Historia: [tw; death, alcoholism]
They say you can’t go home again, but that’s just because they fetishize this whole growth and empowerment thing so they can sell you a ticket into the grindset. Tressa Shaw saw as much of the world as she really thought she ought to when she left for school two states over, fucked around with forbidden alchemy, and wound up realizing that she very much could go home and be quite content. Port Leiry was quiet, it was pretty. It was more varied in its places and personages than its rural roots and out-of-the-way nature might lend one to think. Sure there’s places she wants to go, but nowhere she really feels like she’d rather live. But a rewind is in order;
When Tressa was very young, her father took a fall and died. She was the one who found him and, very young, didn’t know what to do, and so she just sat with him there on the steps until her mother got home. It wasn’t until much later in life that she realized she might have been able to save him, or get him help - that he might be here on the Earth if she hadn’t locked up and sat down. Mom did not handle the grief well, and spun out hard - cirrhosis got her in just a few short years, and by the time Tressa was sitting by her bedside holding her hand and watching her go, she’d been living with her grandmother for a few years. All this took place in private - at school Tressa would be ever smiling, ever joking, ever pleasant, reaping small rewards like fringe inclusions in pretty much any school activity she could - she was an A+, AP student and she graduated top of her class and got into a good school. pre-med, and, after a brief dalliance with a doctor, decided to go the other direction, navigating college into a split path that covered medical forensics and pathology.

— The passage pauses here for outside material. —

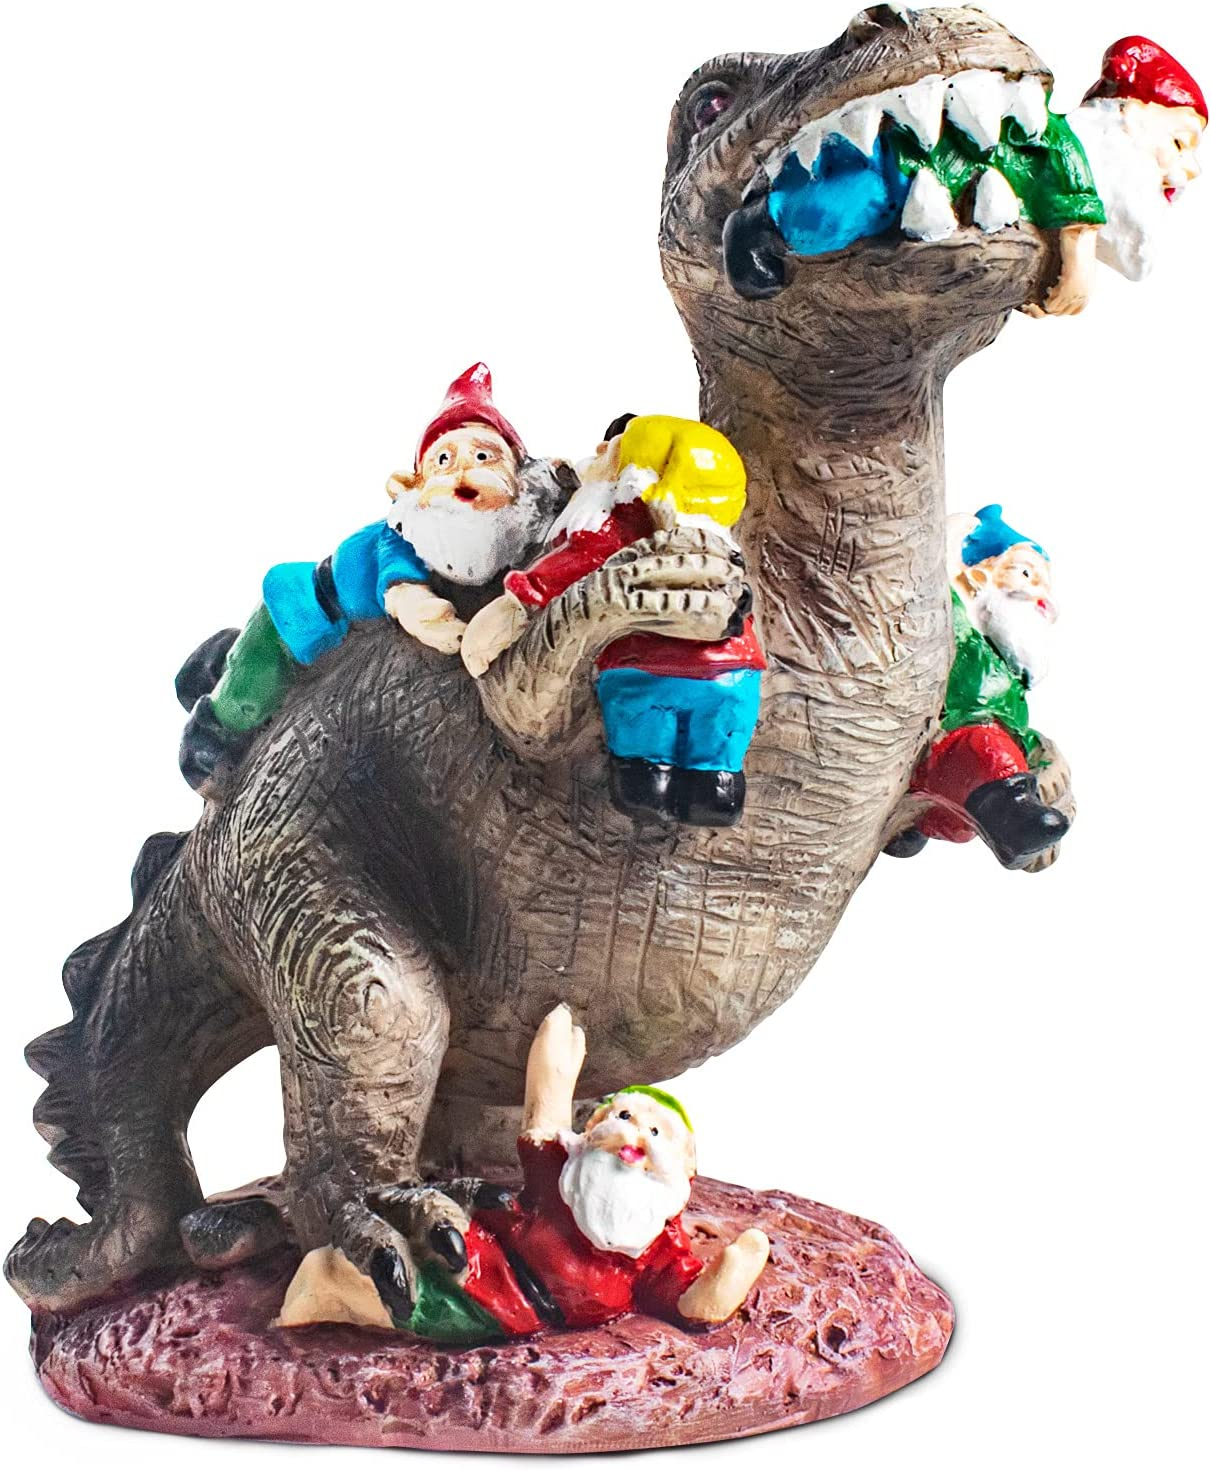 Garden Statue Dinosaur Eating Gnomes Outdoor Art Decor, Resin Dinosaur & Gnomes Figurines Sculpture Garden Fairy Miniature Decorative Ornaments

But the Big Big City was Big Big Pricey, and when her grandmother took ill, it looked like you absolutely could go home again. So Tressa goes back to Port Leiry, but nobody knows her by that name. Of course, she’s not hiding anything; she tells the people its appropriate to tell when it comes up. Bu it’s like a re-do. She buries her grandmother, moves into her pretty nice house, and gets work at the county morgue working the late shift. Tressa takes her time. She’s in no rush to make friends, she’s doing fine. Except she is hiding something. Okay, one more rewind, but last one, promise. It’s three days before her sixth birthday. She’s sitting on the steps, staring at her dad sprawled and broken over the landing. The policeman is asking her what happened, and she just cries muted tears and says he tripped while they were playing hide and seek. She doesn’t mention the knock at the door. The man she invites in. She doesn’t mention the all-too-brief tangle, or the snap that came from her father’s neck well before the man tossed him like a ragdoll down the steps. And she definitely, definitely doesn’t mention the man telling her to sit there, to cry for her dead daddy, and never speak of it to a soul. But dead men tell no tales, so she works at the perfect confessional.